The announcement prompted protesters to meet again in Warsaw and other cities on Wednesday night. “We are inviting everyone, please come out, cheer up, so that we can walk together, leave a mark,” said the leader of the protest group Marta Lempart.
The ruling, handed down by the constitutional court in October, determined that the termination of pregnancies due to serious fetal abnormalities is unconstitutional. Poland already has some of the strictest abortion laws in Europe, and most of the small number of legal abortions that take place in the country are cases of fetal defects.
Once the sentence takes effect, abortion will only be allowed in cases of rape, incest or when the life of the mother is in danger.
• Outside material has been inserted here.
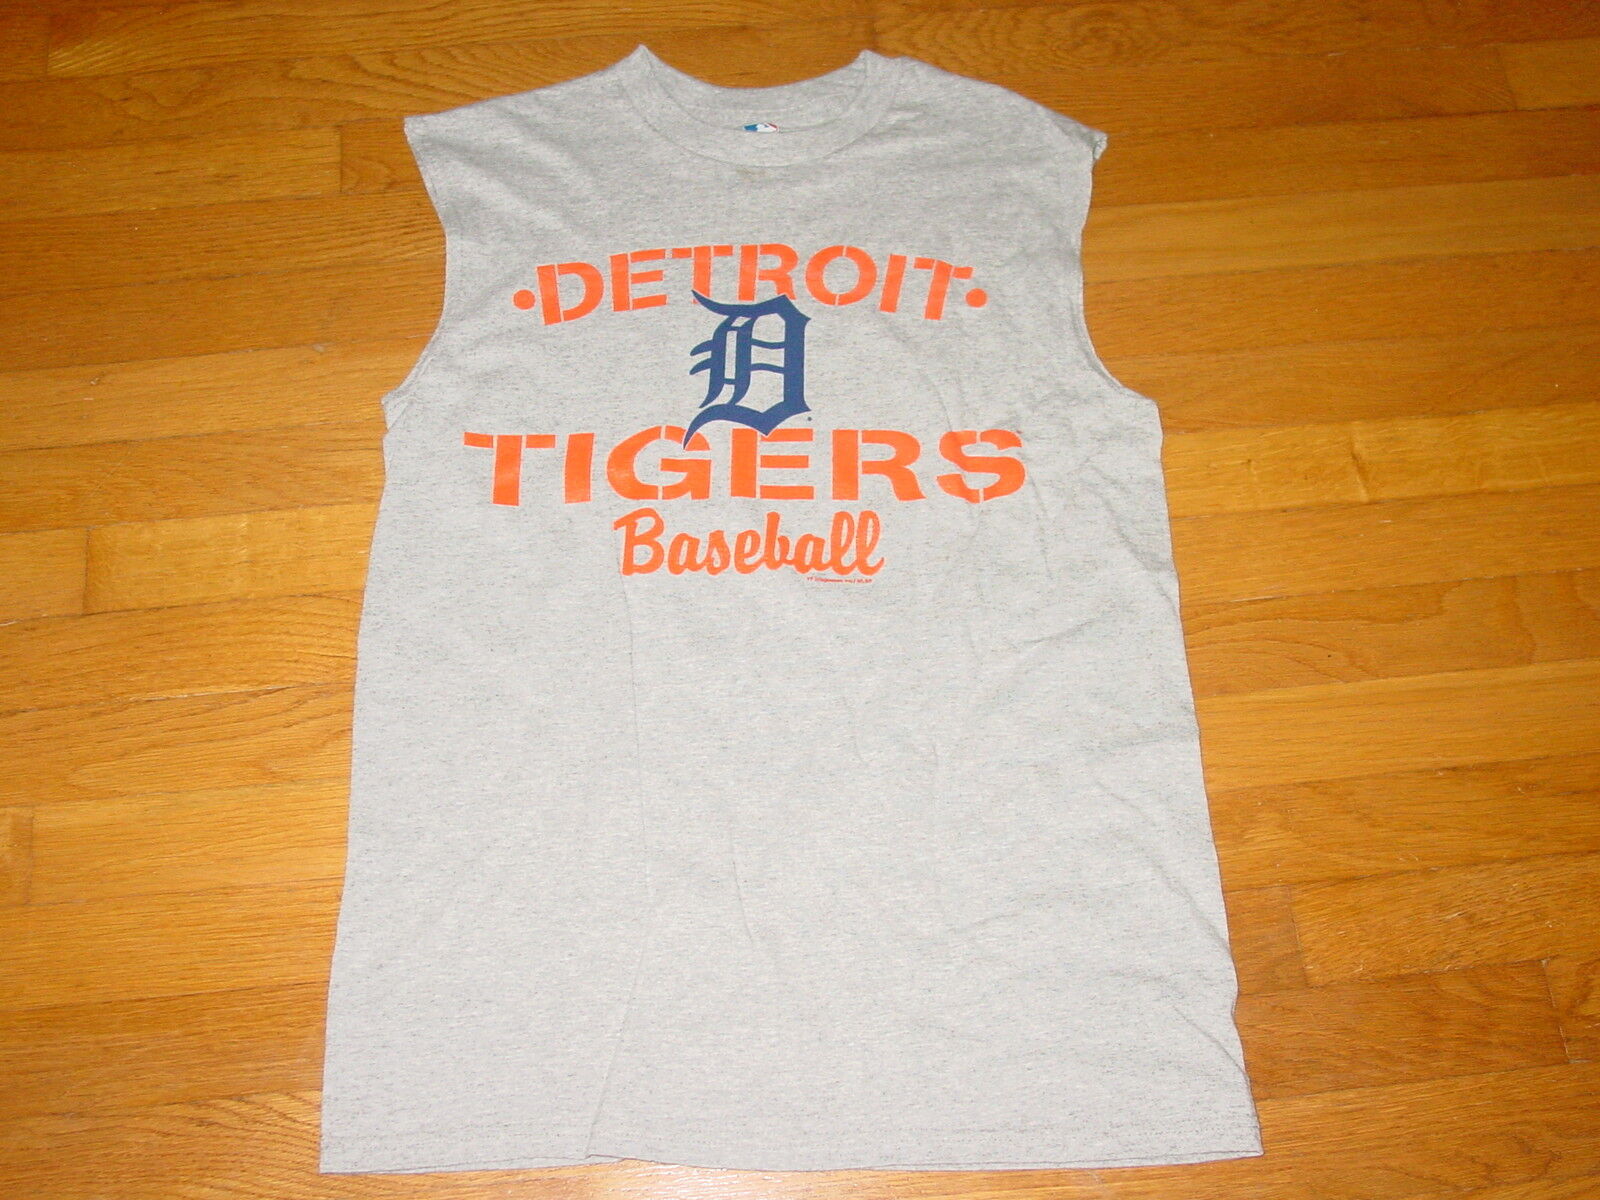 detroit tigers muscle shirt

More than 400,000 people protested in hundreds of towns and cities across the country as part of a “women’s strike” after the ruling. Theoretically, the court rulings should go into effect immediately, but there have been several cases where there have been long delays for apparently political reasons, and there was a feeling that the government had been alarmed by the size of the protests and wanted backtrack on failure.
“It would be good to take time for dialogue and to find a new position in this situation, which is difficult and arouses great emotions,” Michał Dworczyk, head of the prime minister’s office, told Polish media in early November.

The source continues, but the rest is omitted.